Requirement: Below are the records; give again exactly the line with "Sunset over Indianapolis", the line with "Bb Rugs One", and each line that lies between them, and nothing besides.

Data to process Block Start

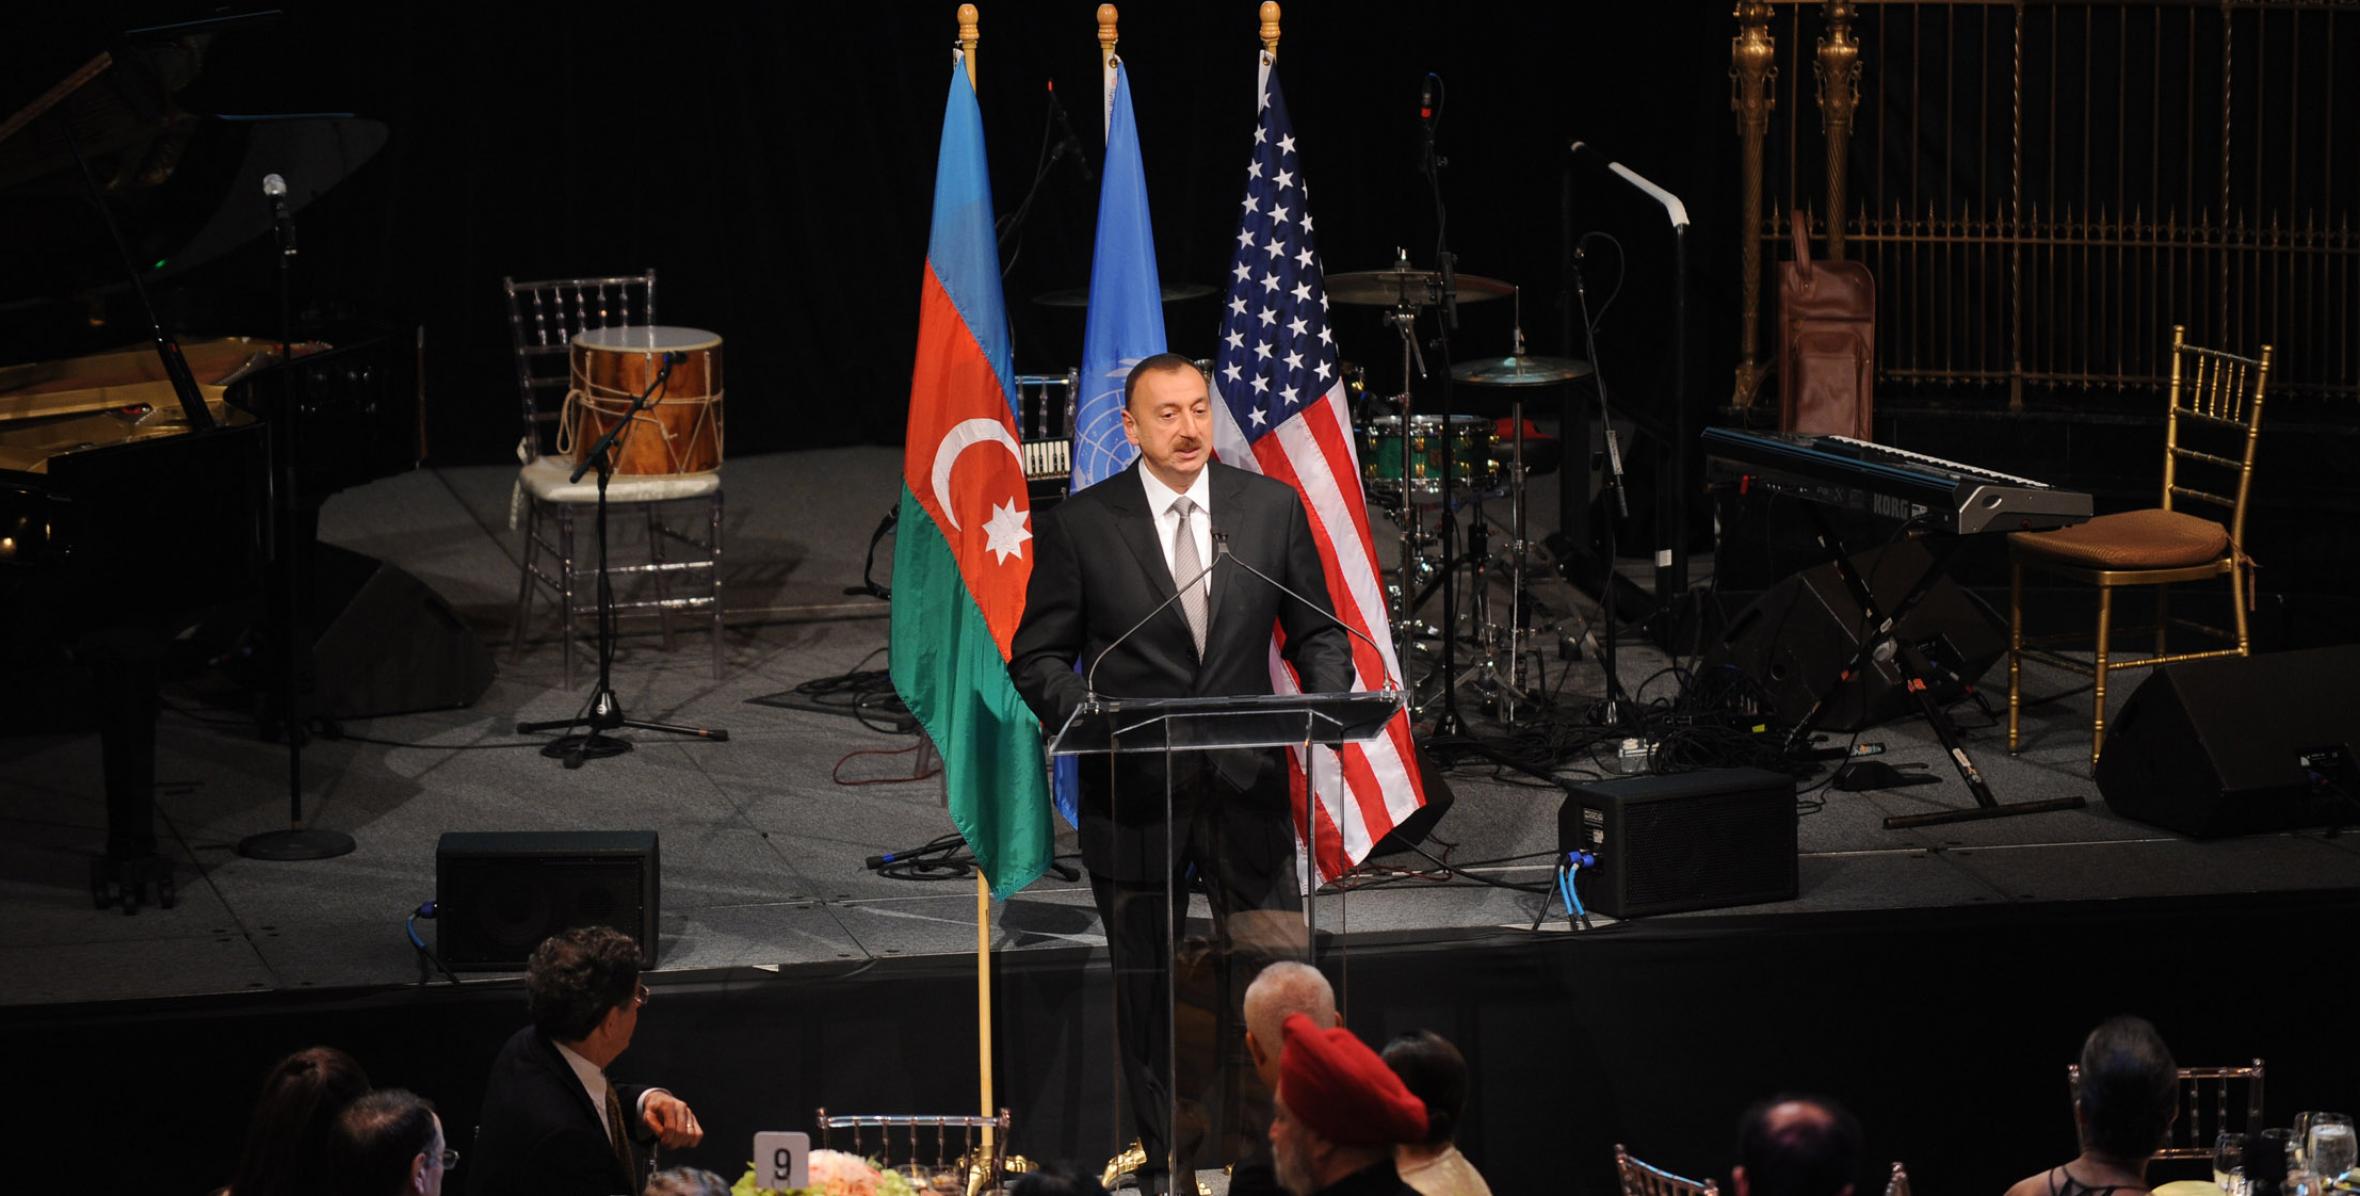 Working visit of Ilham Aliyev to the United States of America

Data to process Block End
Data to process Block Start

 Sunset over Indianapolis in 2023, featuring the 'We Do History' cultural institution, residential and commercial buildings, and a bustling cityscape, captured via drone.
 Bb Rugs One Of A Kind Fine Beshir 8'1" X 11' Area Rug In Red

Data to process Block End
Data to process Block Start

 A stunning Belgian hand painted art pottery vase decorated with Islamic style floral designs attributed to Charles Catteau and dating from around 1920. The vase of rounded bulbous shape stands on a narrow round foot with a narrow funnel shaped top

Data to process Block End

Exercise answer:
 Sunset over Indianapolis in 2023, featuring the 'We Do History' cultural institution, residential and commercial buildings, and a bustling cityscape, captured via drone.
 Bb Rugs One Of A Kind Fine Beshir 8'1" X 11' Area Rug In Red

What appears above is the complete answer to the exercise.